Edit 1. For instance, let me for simplicity look at the cube with edges of length one spanned by the coordinate vectors $(1,0,0),\,(0,1,0),\, (0,0,1)$. Notice that the center of this cube is $(1/2, 1/2, 1/2)$. The triangle formed by the points with coordinates $(1,0,0),\,(0,1,0),\, (0,0,1)$ (they are vertices of the cube, the three neighbors of $(0,0,0)$) is equilateral and its plane is orthogonal to the diagonal spanned by the vector $(1,1,1)$. Now, if you move the plane of that equilateral triangle to a parallel plane but bit further along the diagonal, so that it passes through the midpoint of the diagonal, which is center of the cube $(1/2, 1/2, 1,2)$ you have exactly the plane you want. Equation $x+y+z = \frac{3}{2}$.

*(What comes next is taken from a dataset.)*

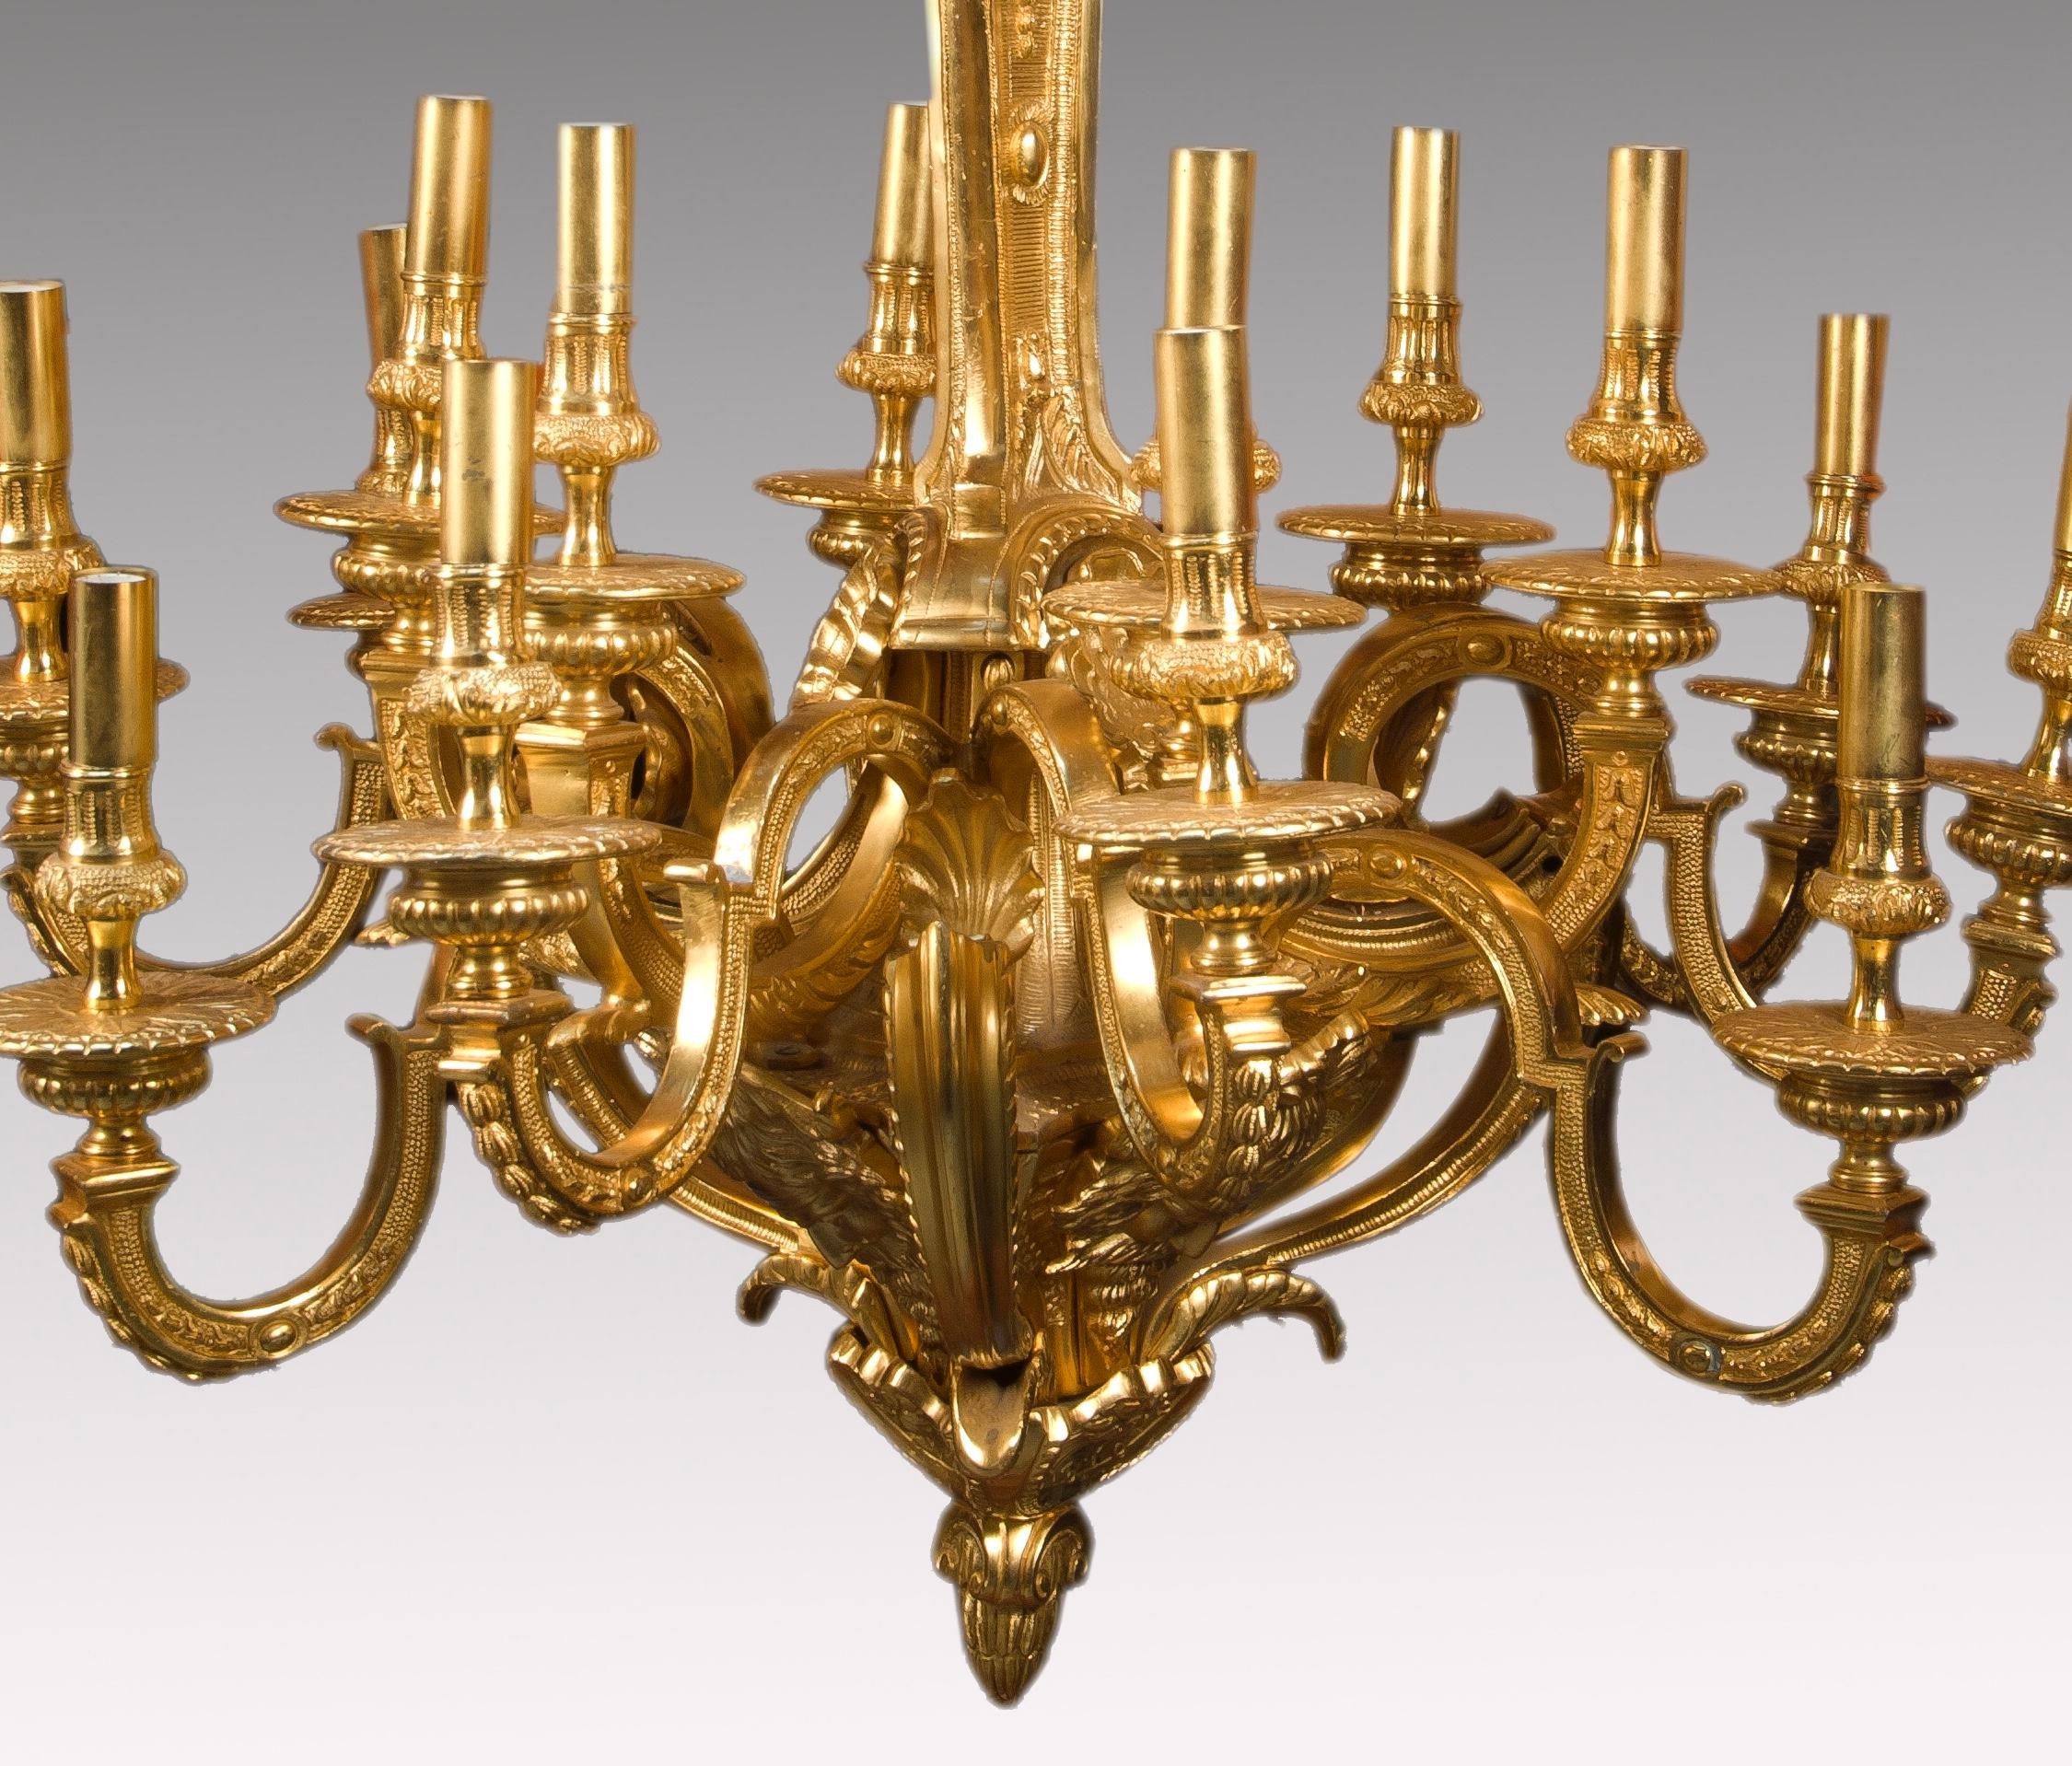 Spider-type ceiling lamp made of gilded bronze and decorated with motifs of garlands, vegetable stems and leaves, gilled shapes and architectural elements all arranged with curves and countercurves, as befits the so-called Louis XVI style, which

Edit 2. The vertices of the hexagon are the midpoints of the six edges that the plane $x+y+z = \frac{3}{2}$ intersects (the plane passing through the center of the cube and orthogonal to one main diagonal). You can see that the length of each edge of the hexagon is one half from the length of a face diagonal of the cube. Three alternating edges of the hexagon are parallel and one half of the edges of the equilateral triangle with vertices $(1, 0, 0), \, (0, 1, 0), \, (0, 0, 1)$ and the other three alternating edges of the hexagon are parallel and one half of the edges of the equilateral triangle with vertices $(1, 1, 0), \, (1, 0, 1), \, (0, 1, 1)$. The two equilateral triangles are congruent and one is a sixty degree rotation of the other and then moved by a translation to its place.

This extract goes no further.